The problem with this code is a race condition. By copying “example_object_output”, you’ve made it shared so the actual values returned will depend upon whichever loop iteration was do last. This should be an array of structs or privatized so each vector has it’s own copy.
I should note that we have had bugs in the past when performing struct to struct copies on the device. Hopefully you wont encounter any of these, but if you do, let me know an I can report the issue.
#pragma acc parallel loop copyin(example_object_input)
for(size_t i = 0; i < num_particles_; ++i) {
ExampleObject example_object_output = example_object_processor(example_object_input)

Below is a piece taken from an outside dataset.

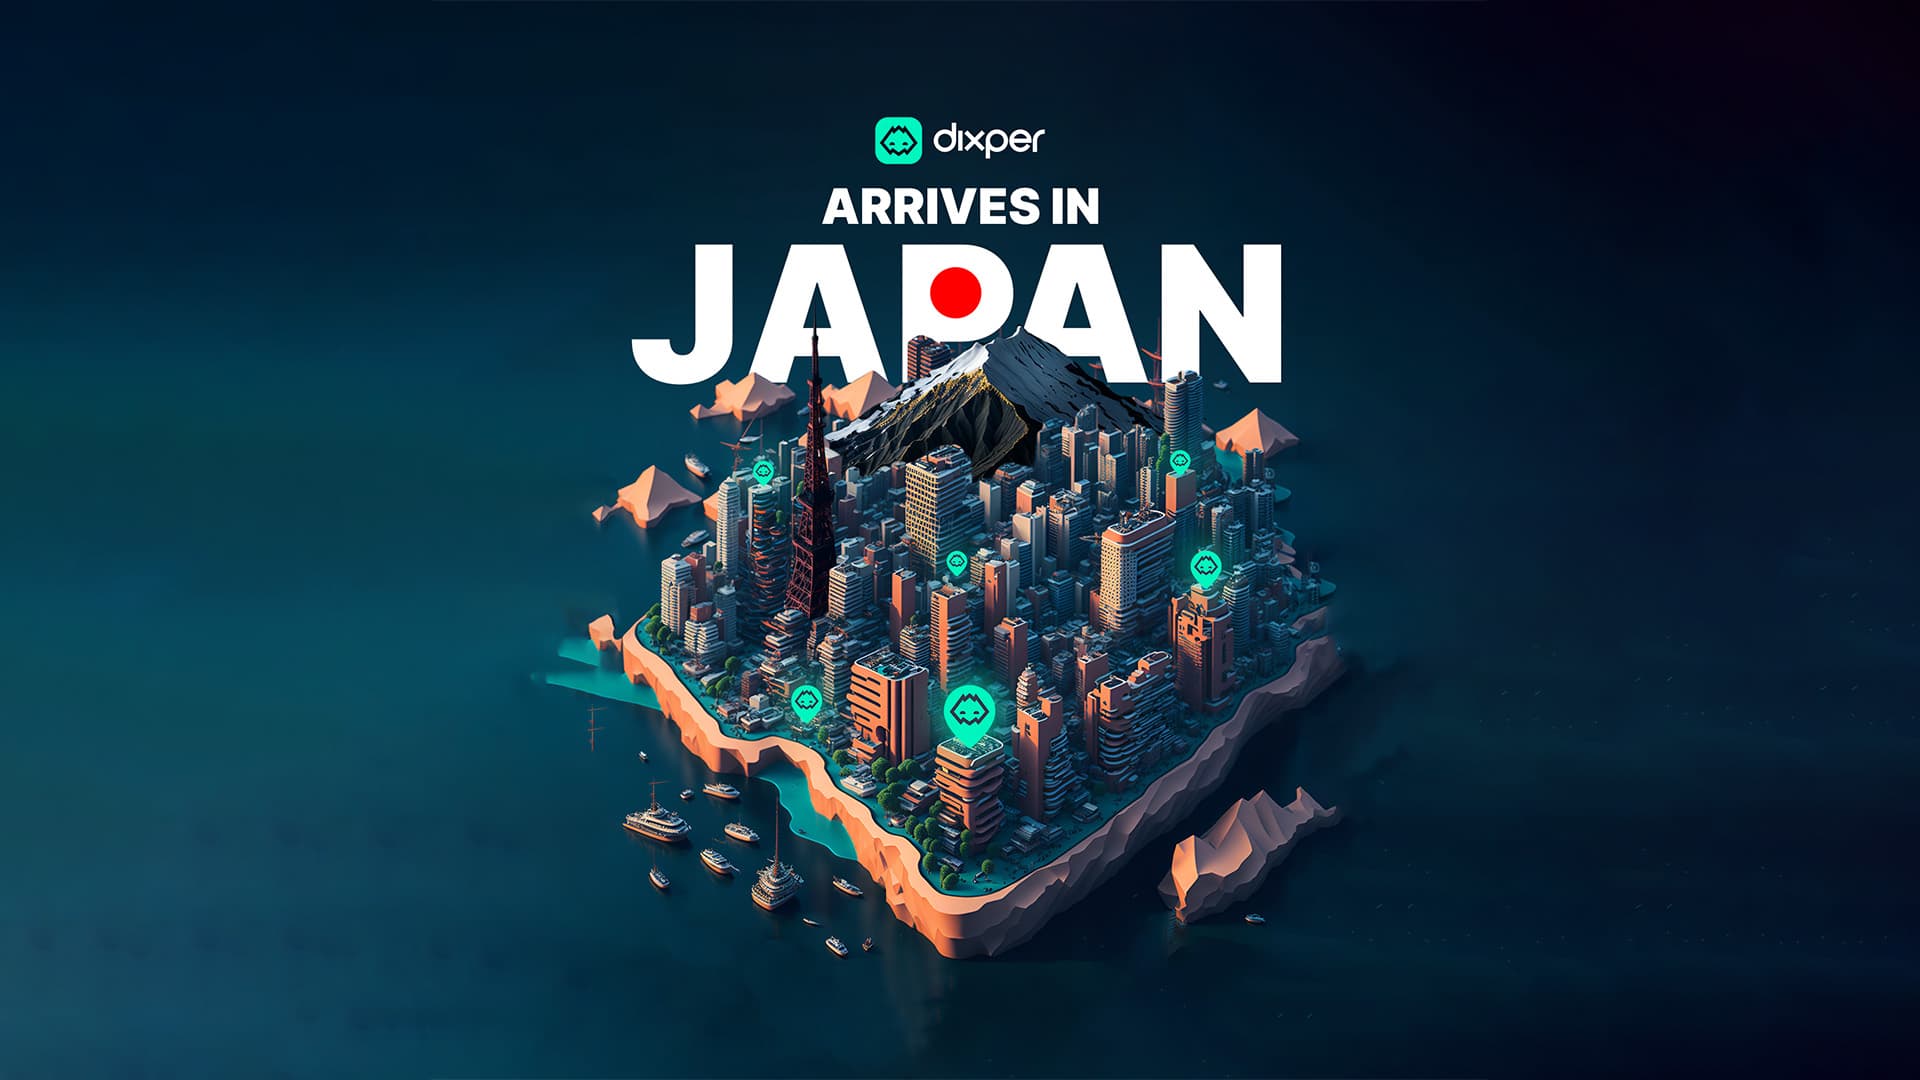 Dixper Arrives in Japan

// Do some calculations with example_object_output here
...
}
This one may not work as expected. I do have an open bug with something similar where the compiler is hoisting the declaration of the object out of the loop, thus making it shared. Though given you’re also initializing it via a call, the compiler may not do the hoisting, so may be fine. Give it try and if you do see an issue, let me know. The work around would be something like:
ExampleObject example_object_output
#pragma acc parallel loop copyin(example_object_input) private(example_object_output)
for(size_t i = 0; i < num_particles_; ++i) {
example_object_output = example_object_processor(example_object_input)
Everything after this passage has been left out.